"Go ahead, I'll be right behind you." Chavez took one more look downhill before following his comrade up to a stand of thick trees. Still nothing he could really identify on the speckled screen. Two minutes later he was at the new perch.
'Berto saw it first and pointed down a trail. The moving specks were larger than the noise generated by the viewing system. Heads. Four or five hundred meters off. Coming straight up the hill.
"Six, this is Point, estimate company strength, heading right up to you."
"Anything else?"
"They're moving kinda slow. Careful, like."

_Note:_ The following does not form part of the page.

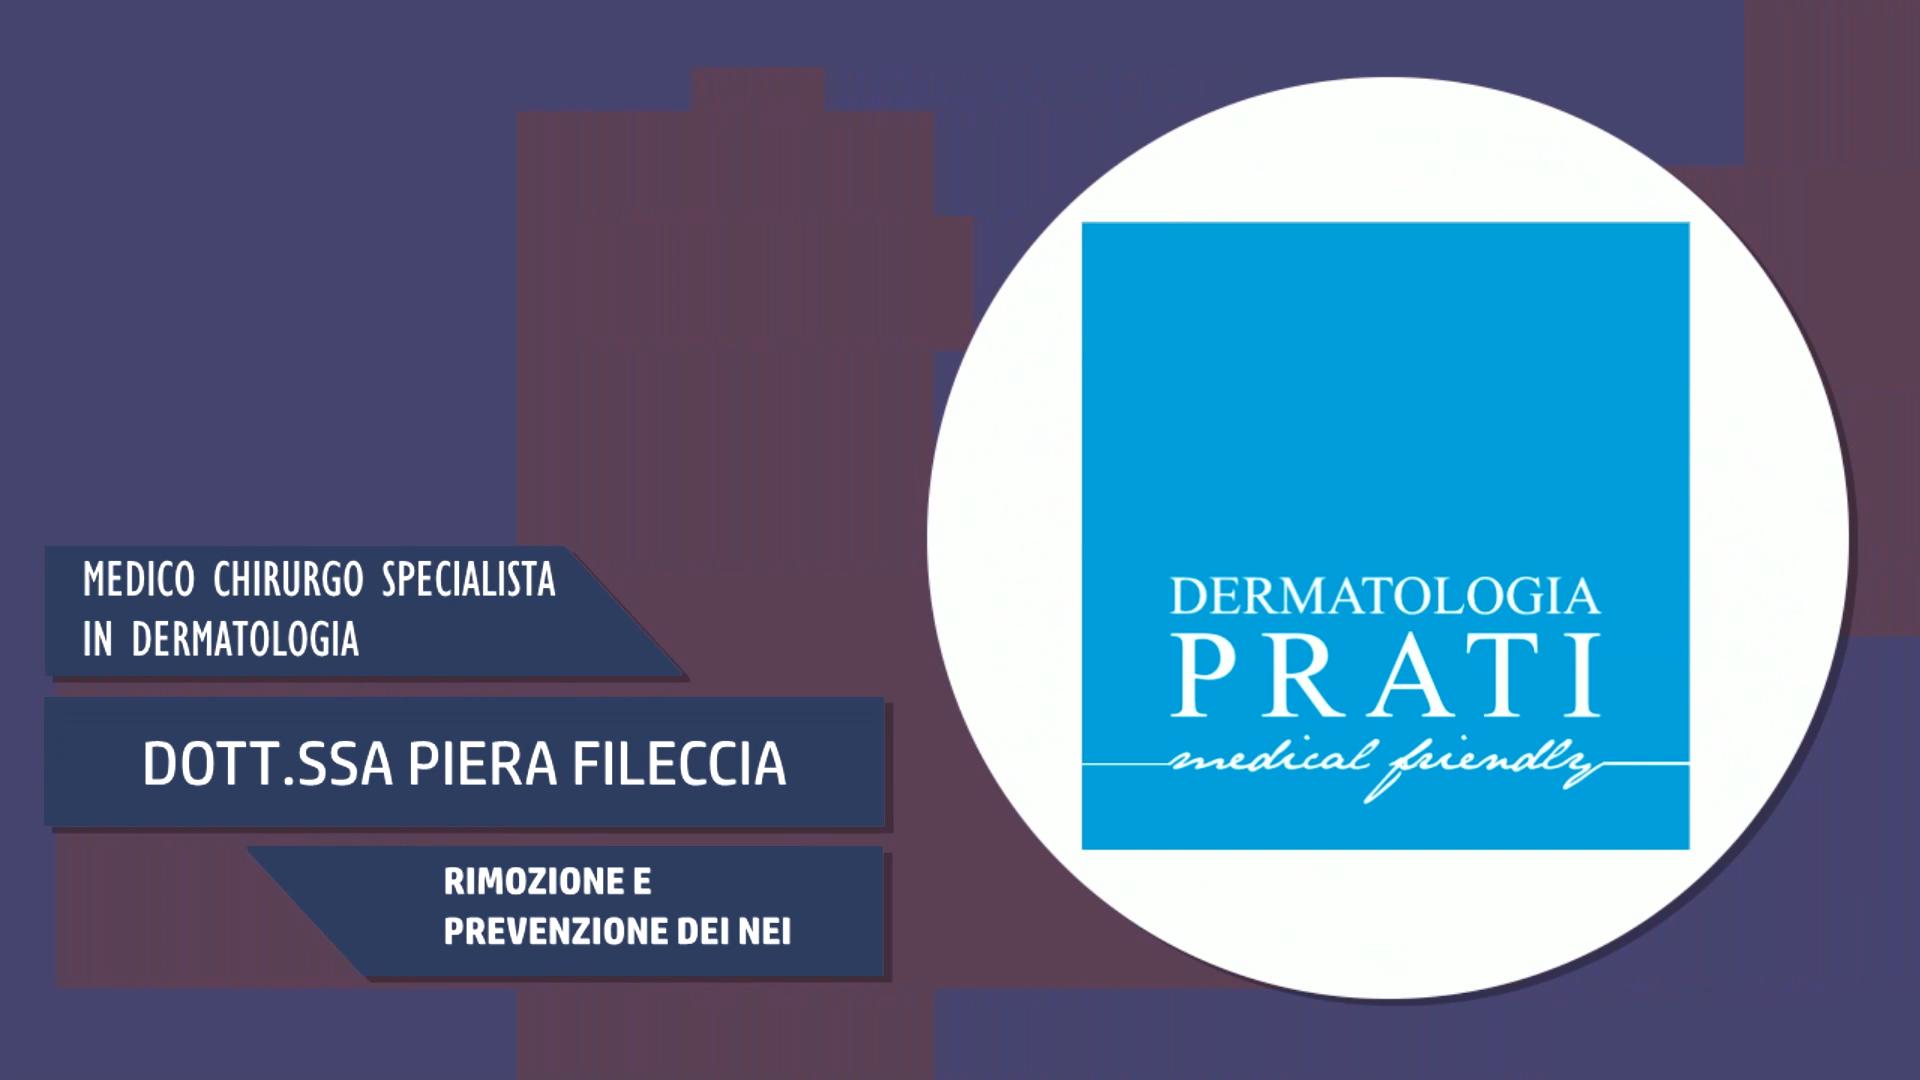 Intervista alla Dott.ssa Piera Fileccia – Rimozione e Prevenzione dei nei

"How long can you stay there?"
"Maybe a couple minutes."
"Stay as long as it's safe, then move. Try to pace them for another klick or so. We want to get as many as possible into the sack."
"Roger."
"These numbers suck, man," Le n whispered.
"We sure as hell want to whittle 'em down some 'fore we run, don't we?" Chavez returned his eyes to the advancing enemy. He saw no obvious organization. They were taking their time, moving slowly up the hill, though he could easily hear them now. They moved in little bands of three or four, probably groups of friends, he thought, like street gangs did. You wanted a friend at your back.
"Time to move," Ding told 'Berto.
They raced uphill, or went as fast as their training allowed, choosing one good observation point after another and keeping their command posted on their position and the enemy's. Ahead of them, up the hill, the squad had nearly two hours to reorient itself and prepare its ambush. Chavez and Le n copied his radio message on their own sets. The squad was moving forward to meet the attackers well in front of the primary defensive line. It was set between two particularly steep sections, anchored at those points with the SAWs, covering an approach route less than three hundred meters wide. If the enemy was dumb enough to come through there, well, that was their problem, wasn't it? So far they had taken a direct route to the LZ. Maybe they'd been told that KNIFE probably was there, not certainly, Chavez thought, as he and Le n picked their spot, just below one of the SAWs.
"Six, this is Point, we are in position. Enemy is three hundred meters below us."
"I see 'em," another voice called over the radio net. "Grenade One sees 'em."
"Medic has 'em."
"SAW One has 'em."
"Grenade Two. We got 'em."
"KNIFE, this is Six. Let's everybody be cool," Ramirez said calmly. "Looks like they're coming right in the front door. Remember the signal, people..."
It took another ten minutes. Chavez switched off his scope both to save batteries and to get his eyes back to normal. His mind played and replayed the squad fire-plan. He and Le n had specific areas of responsibility. Each soldier was supposed to limit his fire to an individual arc. All the arcs interlocked and overlapped somewhat, but they were supposed to hunt in their own little patch and not hose down the entire area. Even the two SAWs on line were so limited. The third was well behind the firing line with the small reserve force, ready to support the squad as it pulled back or to react to something unexpected.
They were within a hundred meters of the line now. The front rank of the advancing enemy was perhaps eighteen or twenty men, with others struggling behind to keep up. They moved slowly, careful of their footing, weapons held at port across their chests. Chavez counted three in his area of responsibility. Le n kept watch downhill as he brought his weapon up.
In the old days it was done with volley fire. Napoleonic infantry formed up shoulder-to-shoulder in ranks of two or four, leveling their muskets on command and firing on one another in one dreadful blast of power and ball. The purpose was shock. The purpose still is. Shock to unsettle those enemies fortunate enough to escape instant death, shock to tell them that this was not a place they wanted to be, shock to interfere with their performance, to stop them, to confuse them. It is no longer done with massed columns of muskets. Today it is done by letting them get very, very close, but the impact remains as much psychological as physical.